Work instructions -
Would you transcribe the listing that follows, character for character, and omit its images?

Collected data -
——————————

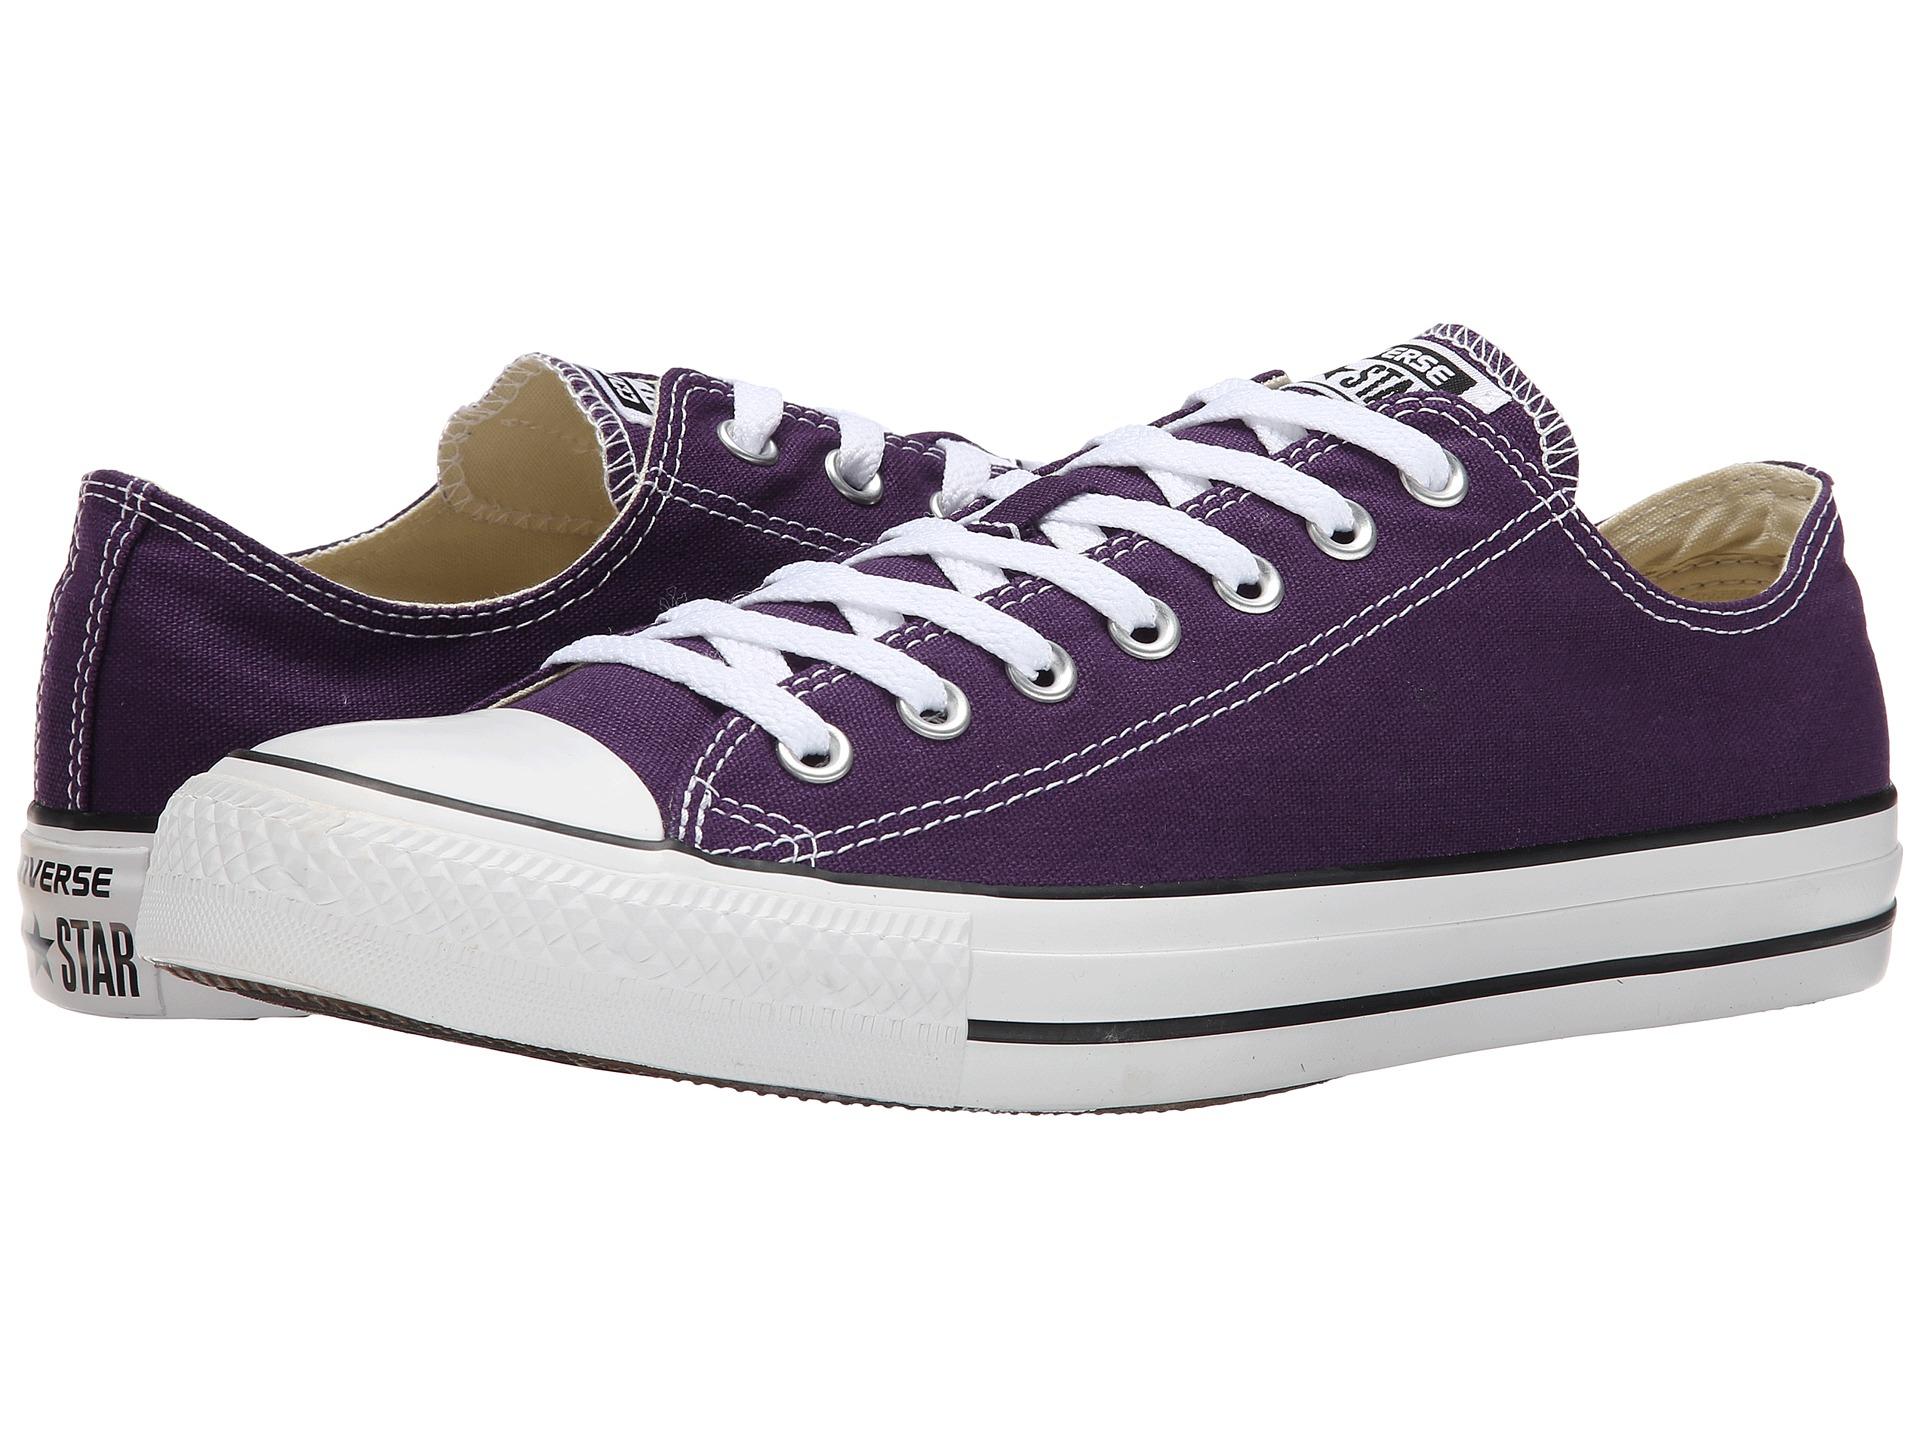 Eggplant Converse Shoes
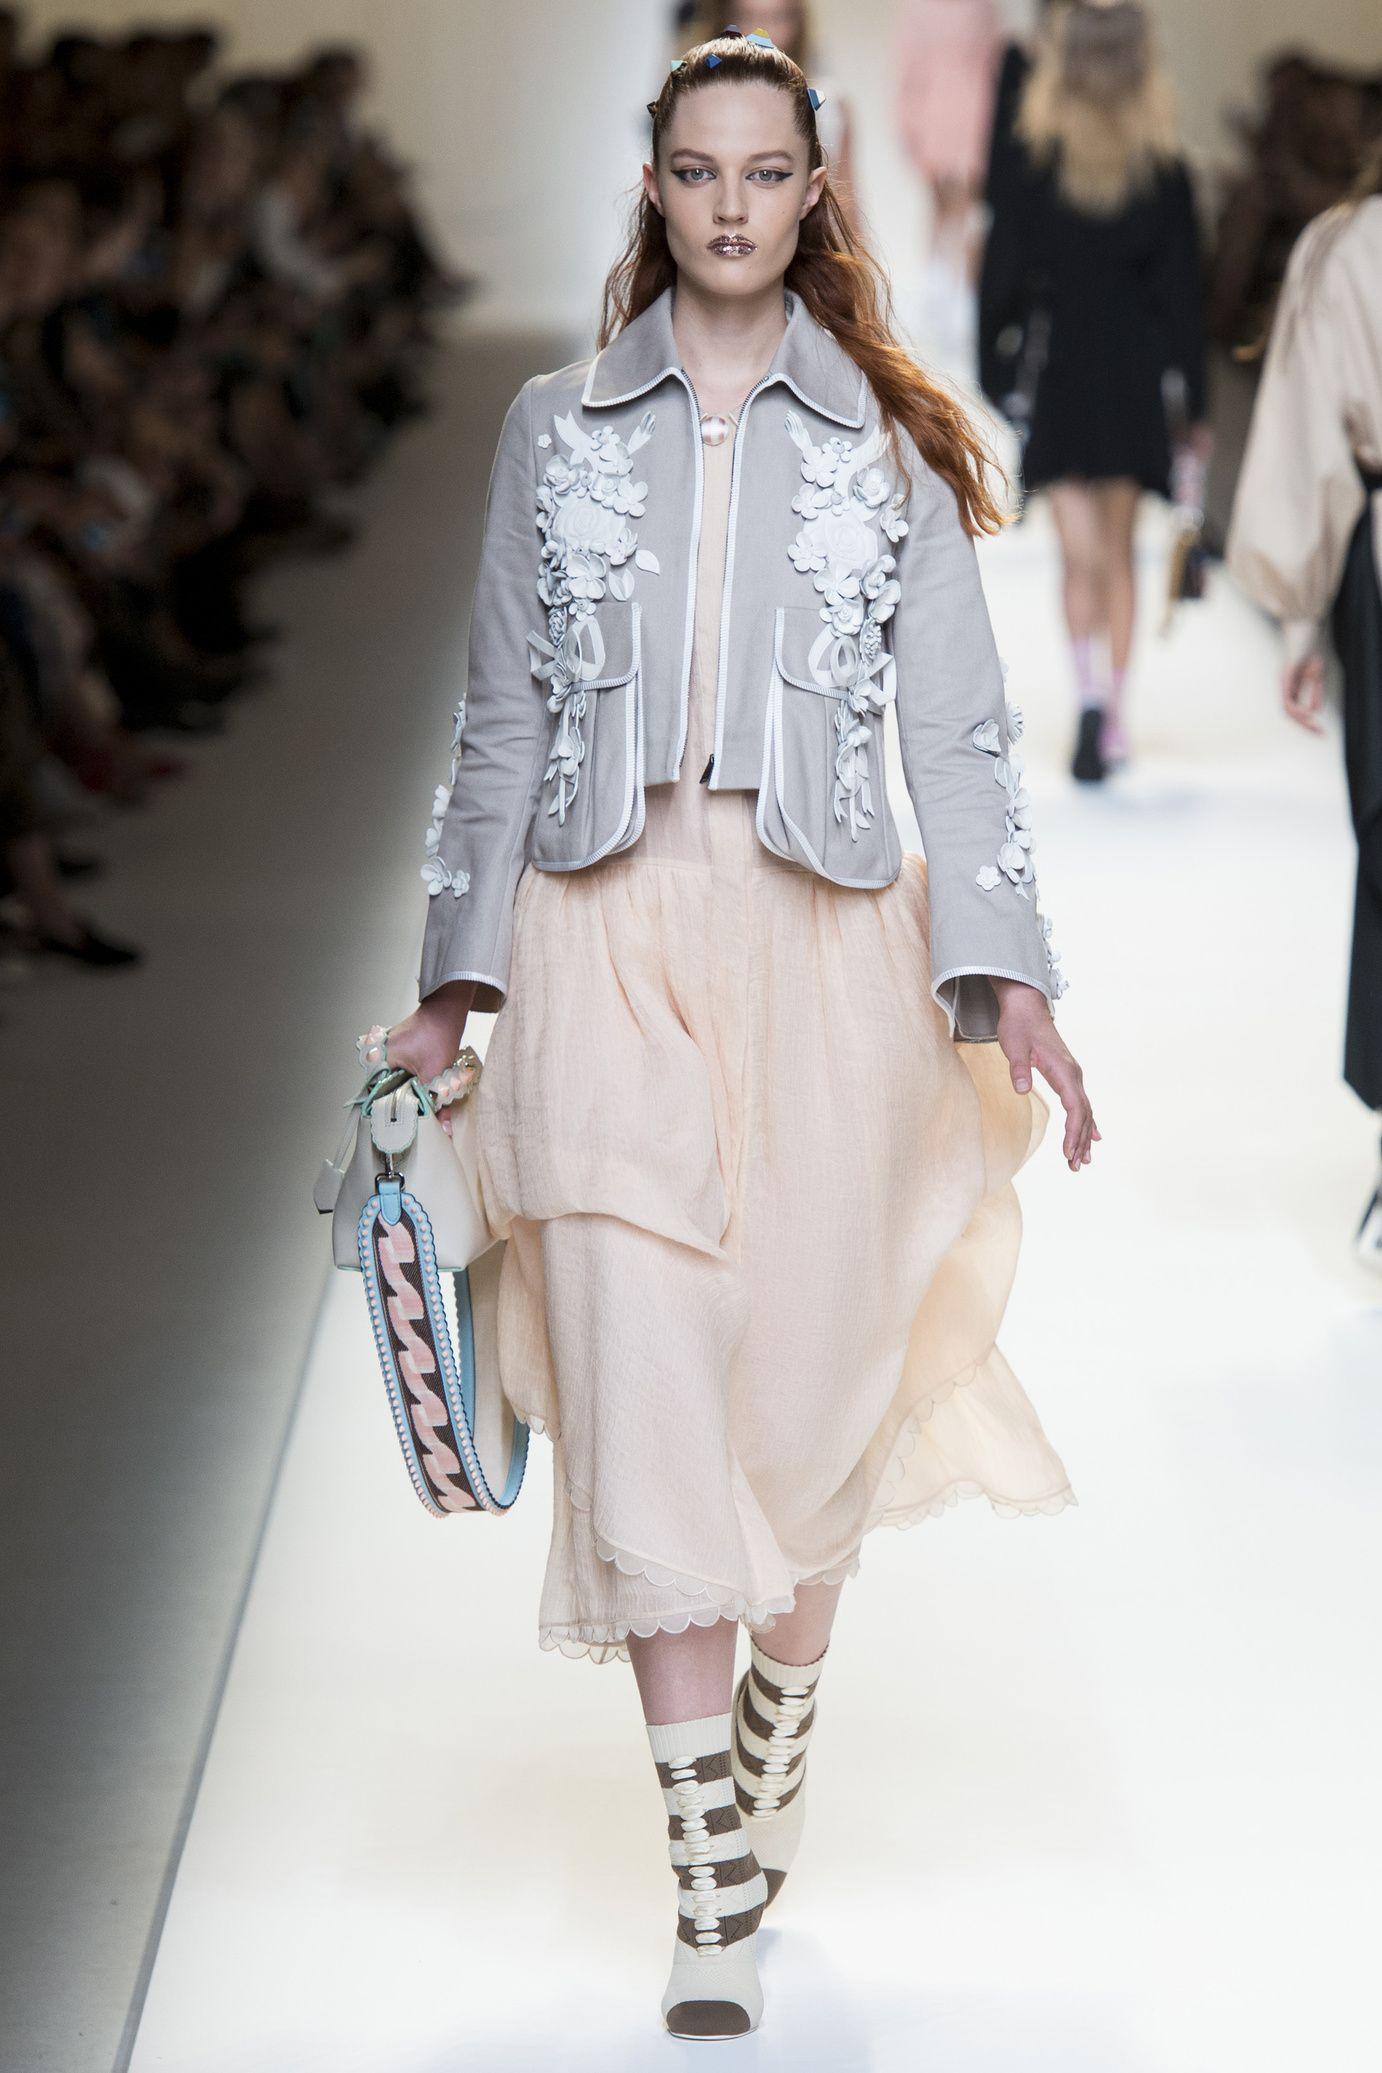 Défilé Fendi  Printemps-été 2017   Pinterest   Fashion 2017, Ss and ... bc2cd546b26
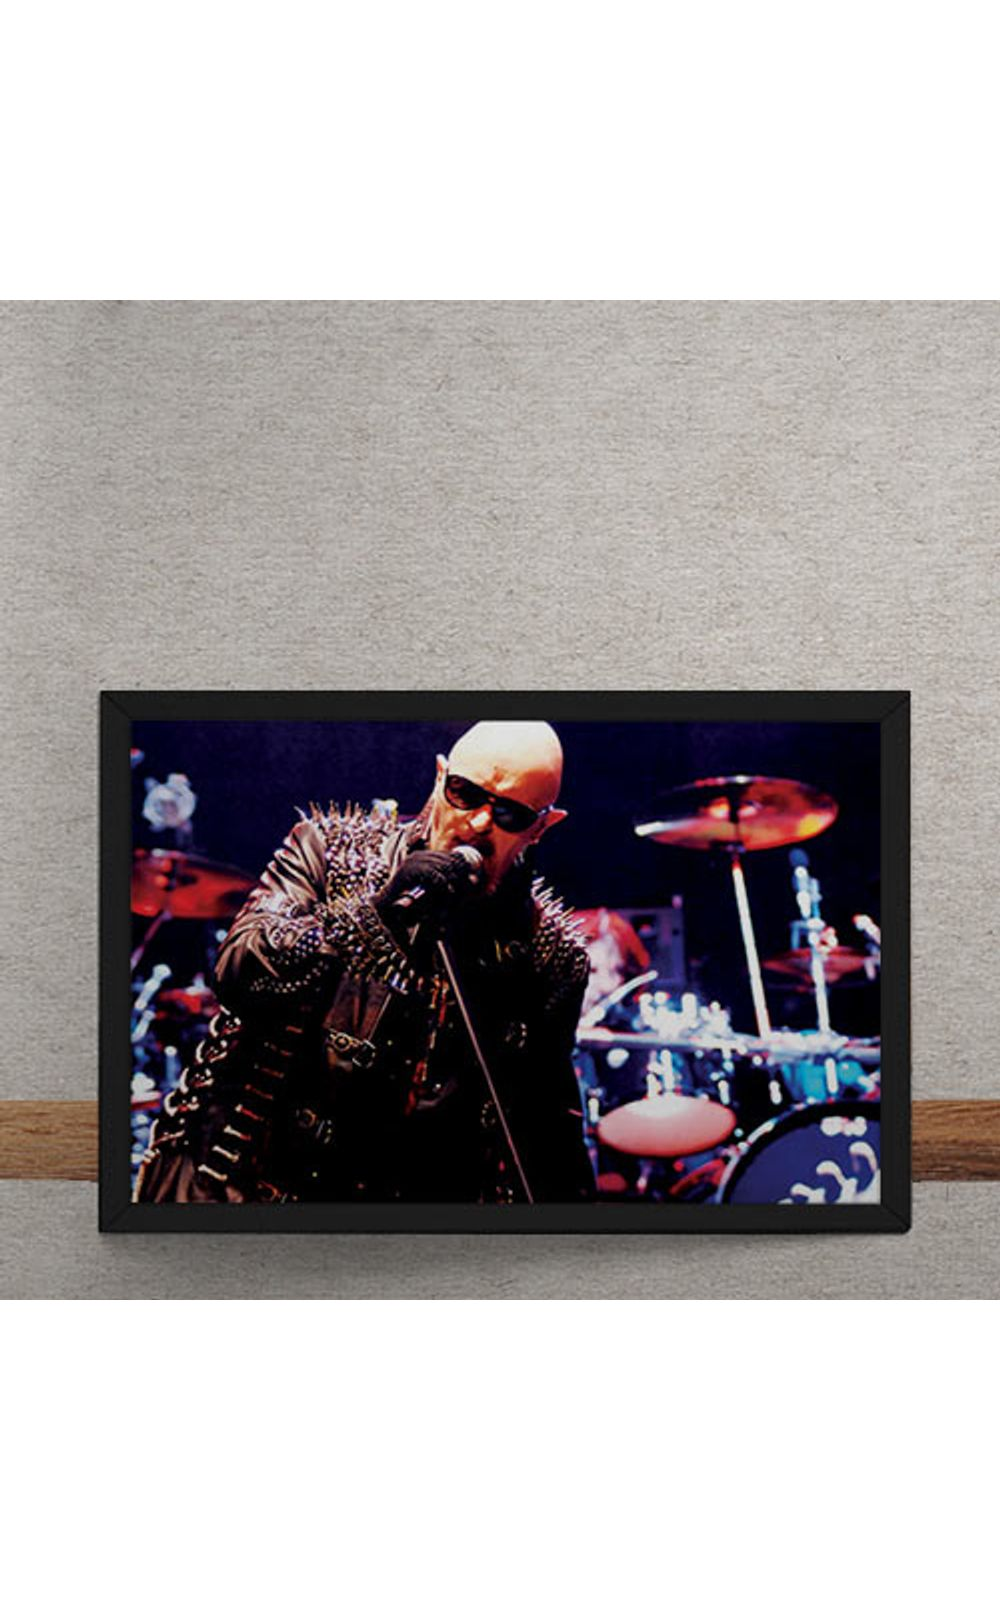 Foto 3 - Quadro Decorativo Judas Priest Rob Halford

——————————

Problem solution -
 Eggplant Converse Shoes
 Défilé Fendi  Printemps-été 2017   Pinterest   Fashion 2017, Ss and ... bc2cd546b26
 Foto 3 - Quadro Decorativo Judas Priest Rob Halford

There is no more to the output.